February 24, 2003


Heaney headlines honorary degree list

By Michael Terrazas mterraz@emory.edu


Irish poet and Nobel laureate Seamus Heaney will deliver this year’s main Commencement address and headlines a group of four honorary degree recipients that also includes physician and scientist Anthony Fauci, Pulitzer Prize-winning biographer David Levering Lewis and Methodist composer (and Emory faculty member) Carlton “Sam” Young, President Bill Chace announced last week.

“I am delighted,” Chace said, “that the 2003 Commencement ceremonies will honor these four extraordinary individuals.”

Each honorary degree recipient will speak during Commencement, but Heaney’s keynote address will be slightly longer than the others’, Chace said.

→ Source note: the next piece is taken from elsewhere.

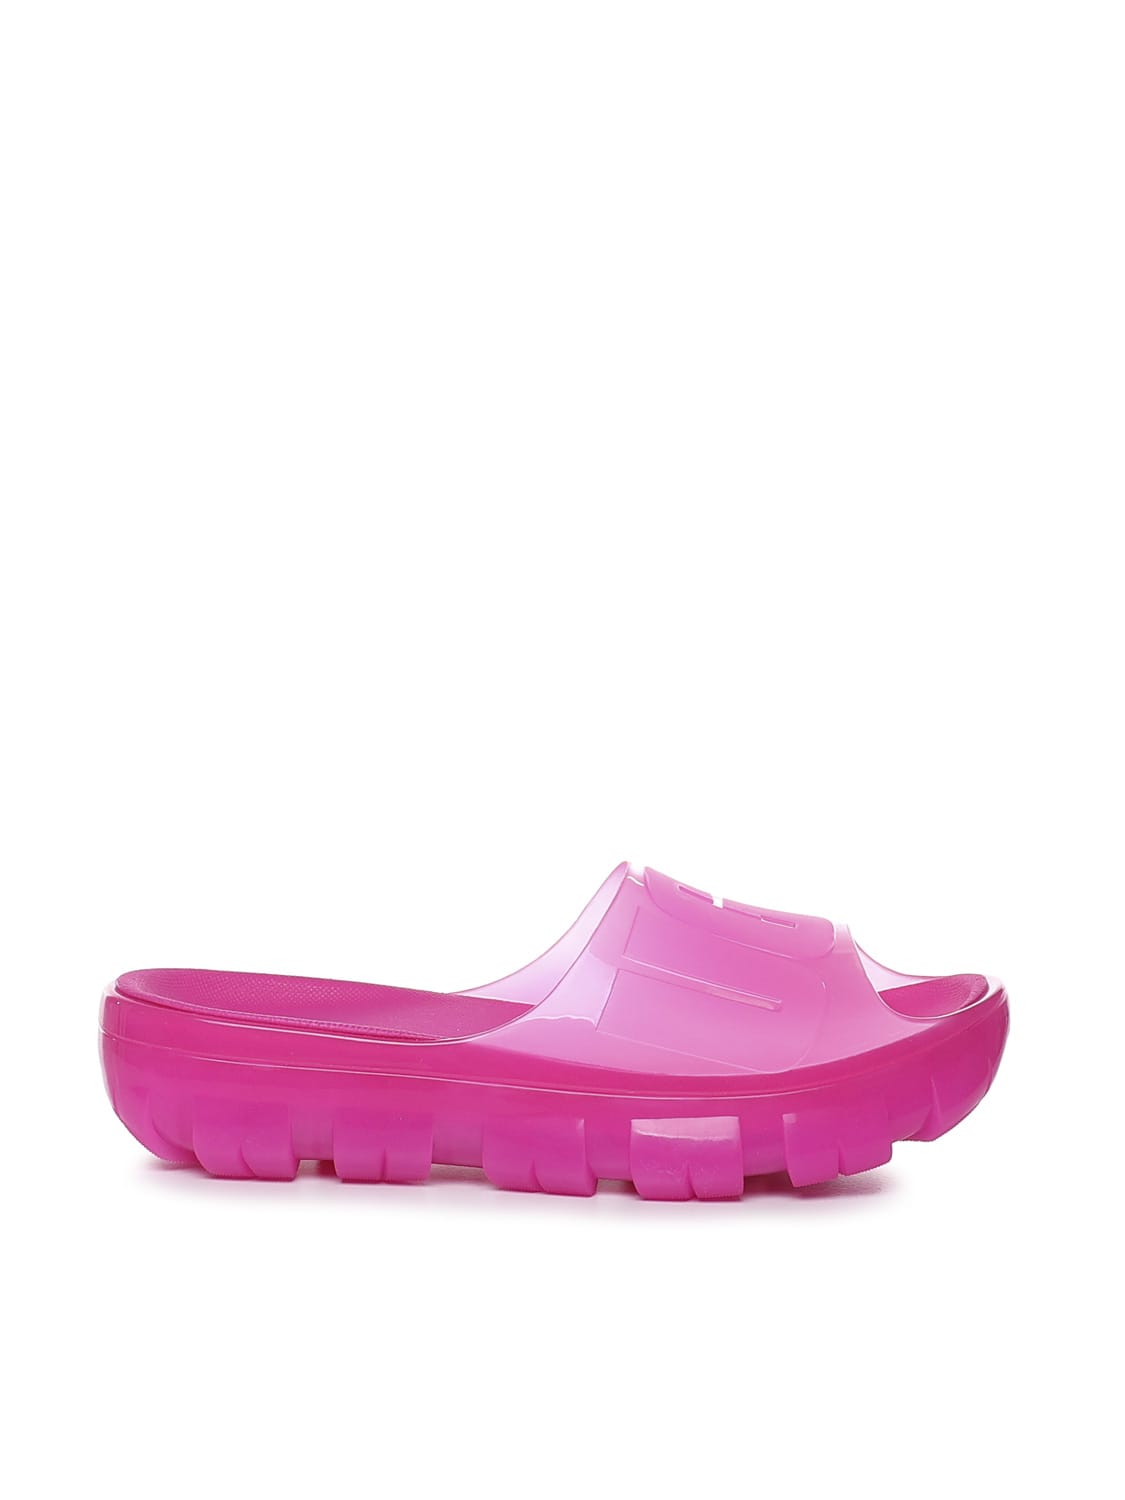 UGG Slide Sandals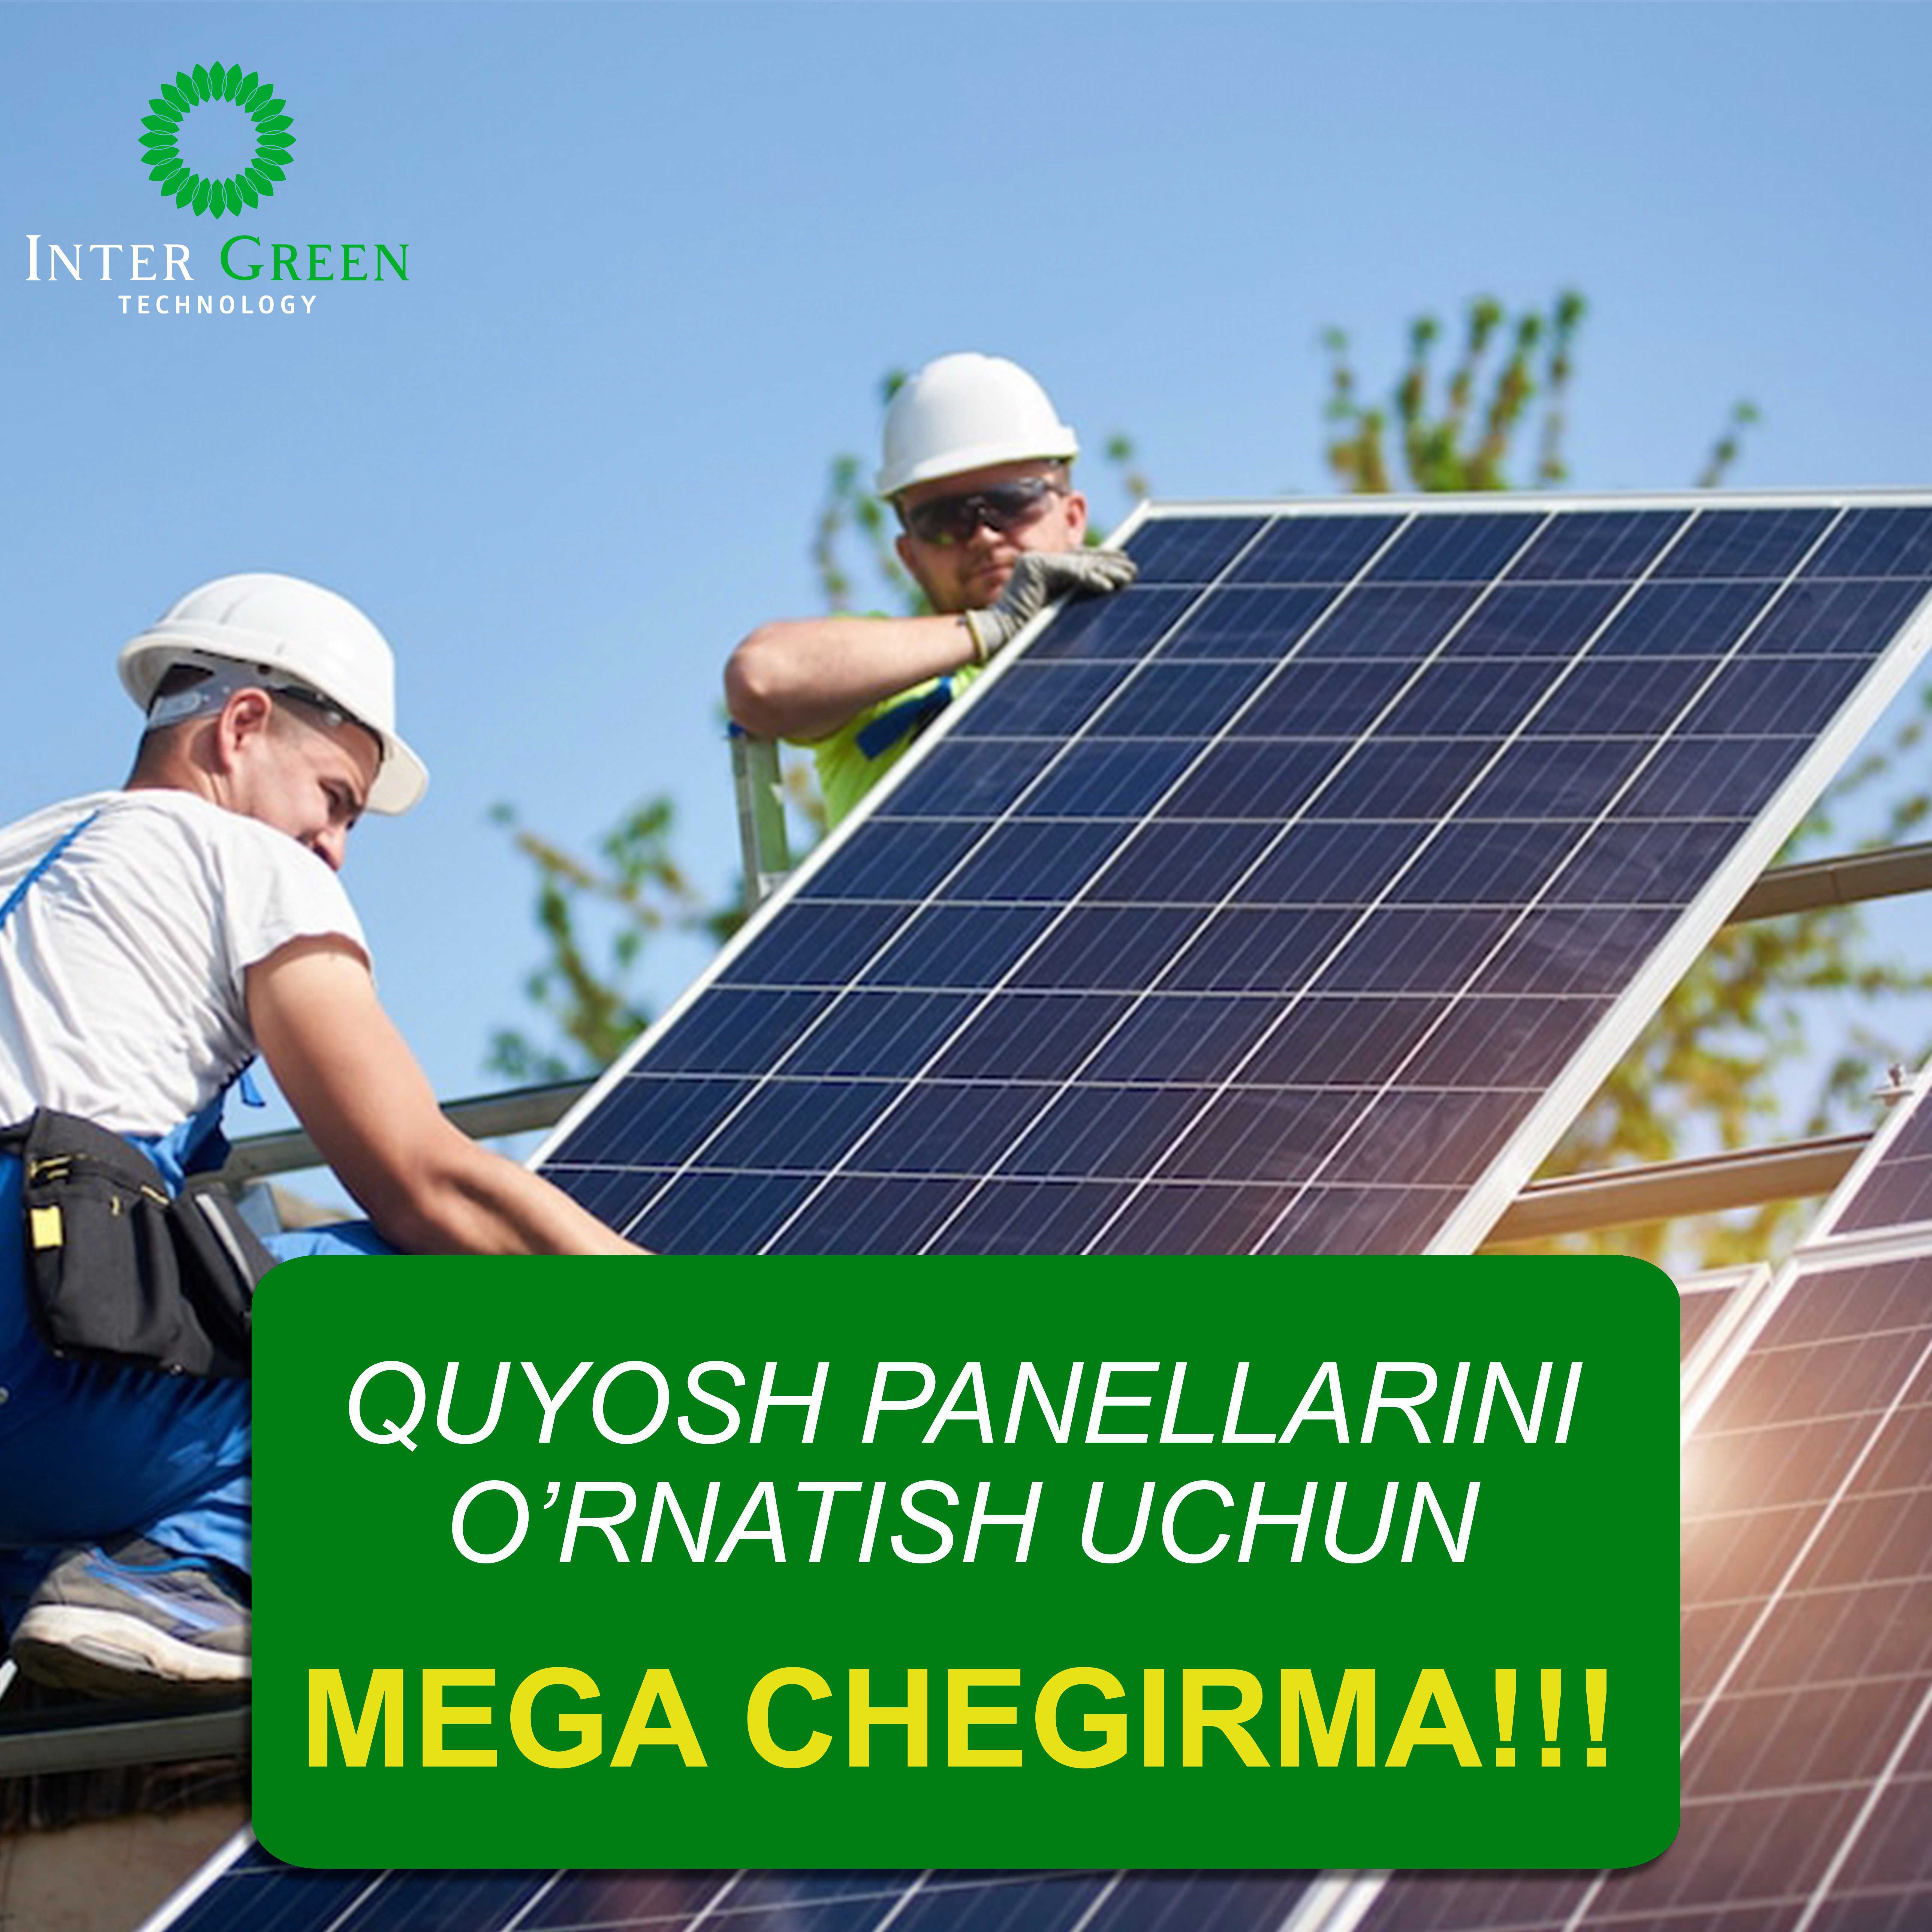 Quyosh panellari o'rnatish uchun MEGA CHEGIRMA солнечный панель

He added that he hoped faculty and students might incorporate lessons from the honorees’ work into their studies during the remainder of spring semester.

Heaney, born in 1939 in County Derry, Northern Ireland, returns to Emory 15 years after delivering the inaugural Richard Ellman Lectures in 1988. He published his first book of poetry, Death of a Naturalist, in 1966, and in 1995 he was awarded the Nobel Prize for Literature, joining William Butler Yeats as the only Irish poets to be so honored.

Heaney’s Opened Ground, a collection of poems from 1966–96, was named a New York Times Notable Book of the Year in 1999, and his most recent translation, Beowulf (2000), won the Whitbread Book of the Year Award.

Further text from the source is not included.